You might sometimes cease to like something or even come to dislike it but you thanfully don't need to go and hunt that one piece of content from the thousands that you liked just because it asked no more from you then the press of a button and undo that action lest you remain fingerprinted by that like by an internet that hates to forget. Your like is yours alone and can grow and change as you yourself do.


Treyf

Another thought that managed to coalesce over the course of writing this piece is just why I have avoided Gemini capsules that do implement some form of likes or comments. Moxie Marlinspike, the founder of Signal, quotes Aarom Cometbus [1] in his Career Advice [2],


> Things that are treyf, you avoid, not because you hate them per se, but because in avoiding them you keep yourself from becoming like the people you hate.

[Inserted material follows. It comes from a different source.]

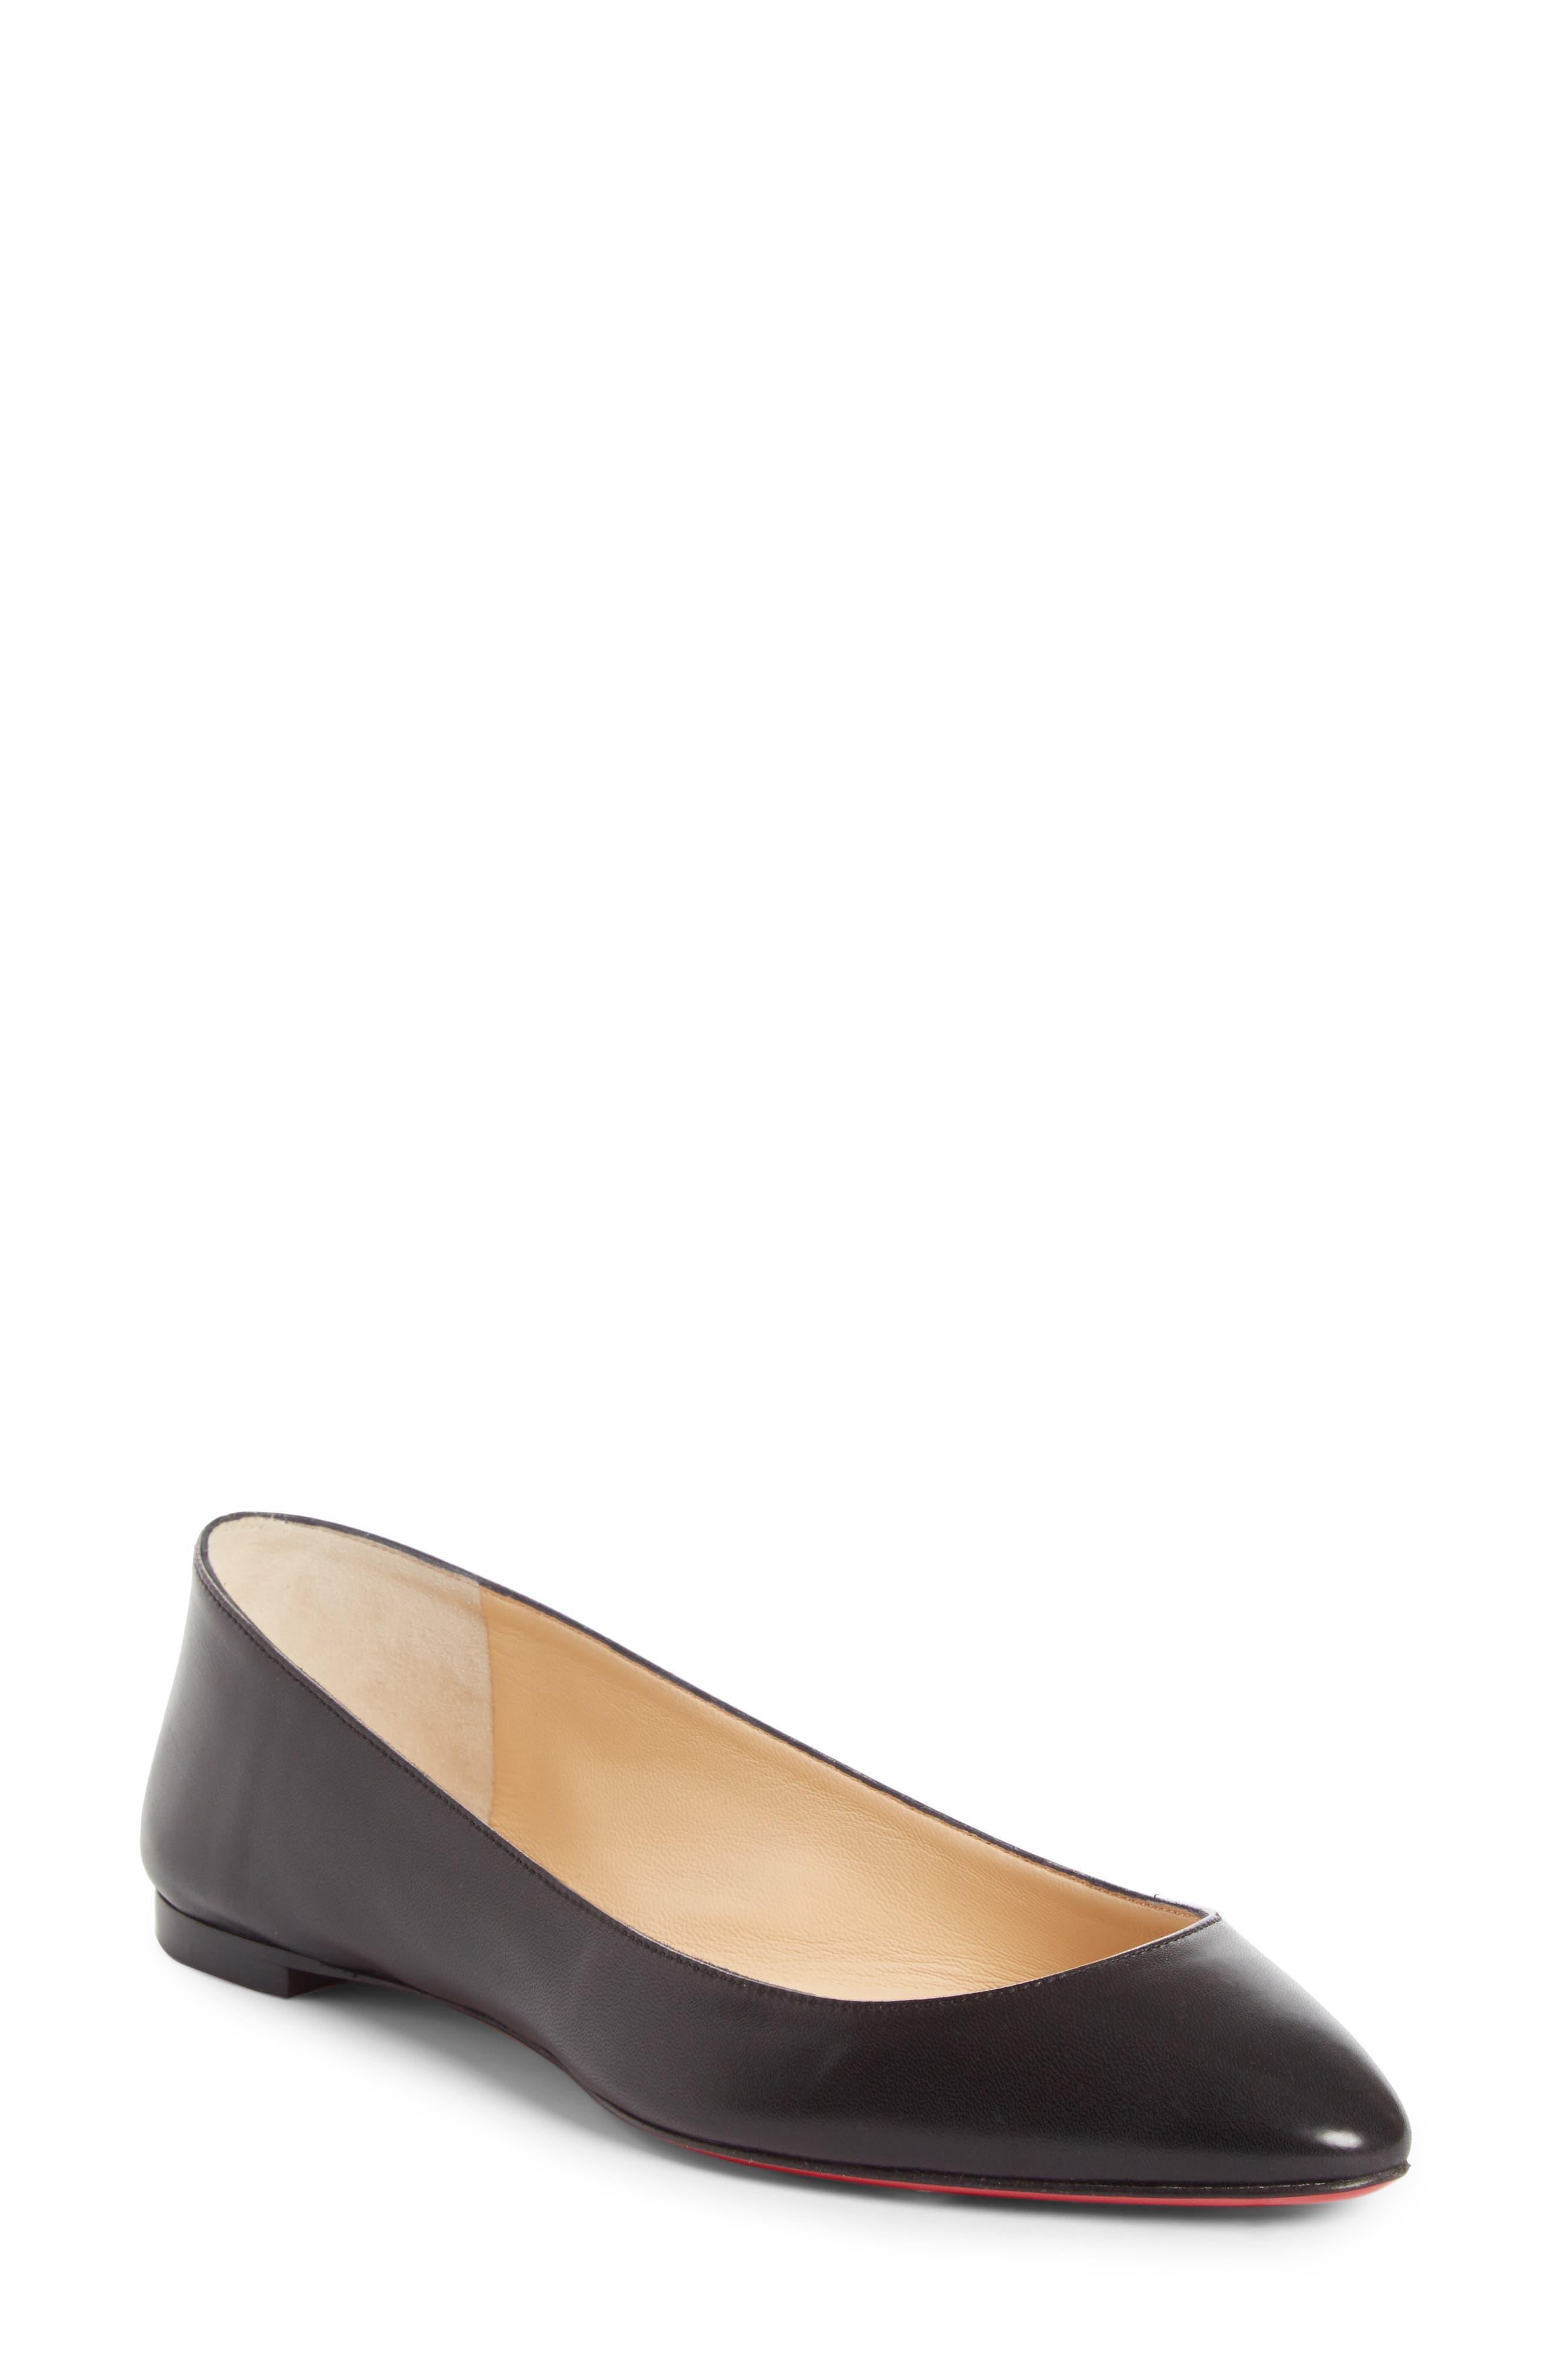 Eloise Flat,                         Main,                         color, Black Leather

Moxie then goes on to further explain,


> Like Aaron, I have my own list of things that are treyf, not because I find them necessarily unenjoyable, but because they add up to something that I ultimately dislike.


[1] Aaron Cometbus


[2] Career Advice


Interacting with content on Gemini that you enjoyed demands more effort than traditional platforms. Writing a response post, discussing it on a mailing list or having a conversation on IRC doesn't carry the kind of immediacy that a quick like or comment carries but I like that interactions on Gemini are slowed down in this manner. They let these interactions stay with you longer even if it means that there are necessarily fewer of them. By staying longer, they usually tend to stay and that's something to be cherished.


There's also beauty in escaping metrics for even 5,000 likes is but a statistic while someone taking out the time to sit down and write back to you even though it wasn't made as convenient as it could be just to let you know that they could relate to or appreciate what you had to say can leave you smiling for a while. The thought does count, but the effort immeasurably more so.


I'm grateful that Gemini makes that opportunity more available by making other opportunities less so and it's something I now treasure the most about Gemini. That my engagements with it are personal, my interactions with it are private and both of them are memorable.